Download a copy of our whistle-blowing policy and complaints procedure below:

+ Whistle-blowing Policy

+ Safeguarding Complaints Procedure

Whistle-blowing Policy

It is important to us that any fraud, misconduct or wrongdoing by staff or officers of our organisation is reported and properly dealt with. We therefore encourage all individuals to raise any concerns that they may have about conduct of others in our organisation or the way in which the organisation is run.

This policy sets out the way in which individuals may raise any concerns that they have and how those concerns will be dealt with.

The Law

The law provides protection for staff who raise legitimate concerns about specified matters. These are called “qualifying disclosures”. A qualifying disclosure is one made in the public interest by a member of staff who has a reasonable belief that:

  • a criminal offence;
  • a miscarriage of justice;
  • an act creating risk to health and safety;
  • an act causing damage to the environment;
  • a breach of any other legal obligation; or
  • concealment of any of the above;

is being, has been, or is likely to be, committed.
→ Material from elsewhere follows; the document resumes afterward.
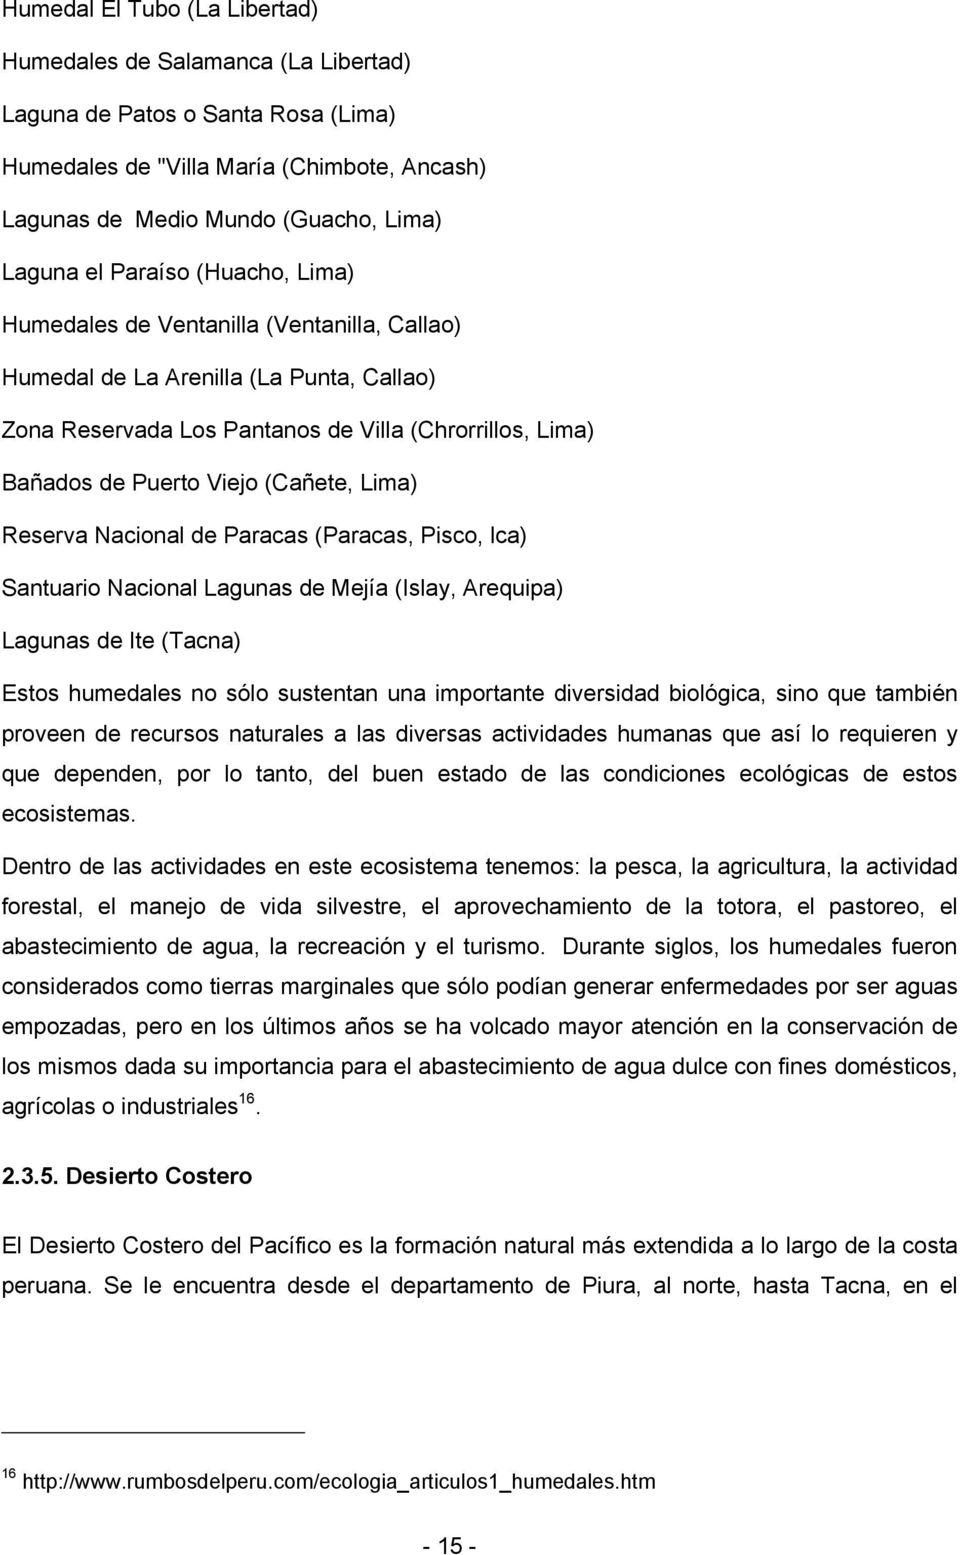 Lima) Reserva Nacional de Paracas (Paracas, Pisco, lca) Santuario Nacional Lagunas de Mejía (Islay, Arequipa) Lagunas de Ite (Tacna) Estos humedales no sólo sustentan una importante diversidad

It is not necessary for the member of staff to have proof that such an act is being, has been, or is likely to be committed – a reasonable belief is sufficient. The member of staff has no responsibility for investigating the matter – it is the organisation’s responsibility to ensure that an investigation takes place.

A member of staff who makes such a protected disclosure has the right not to be dismissed, subjected to any other detriment, or victimised, because he/she has made a disclosure.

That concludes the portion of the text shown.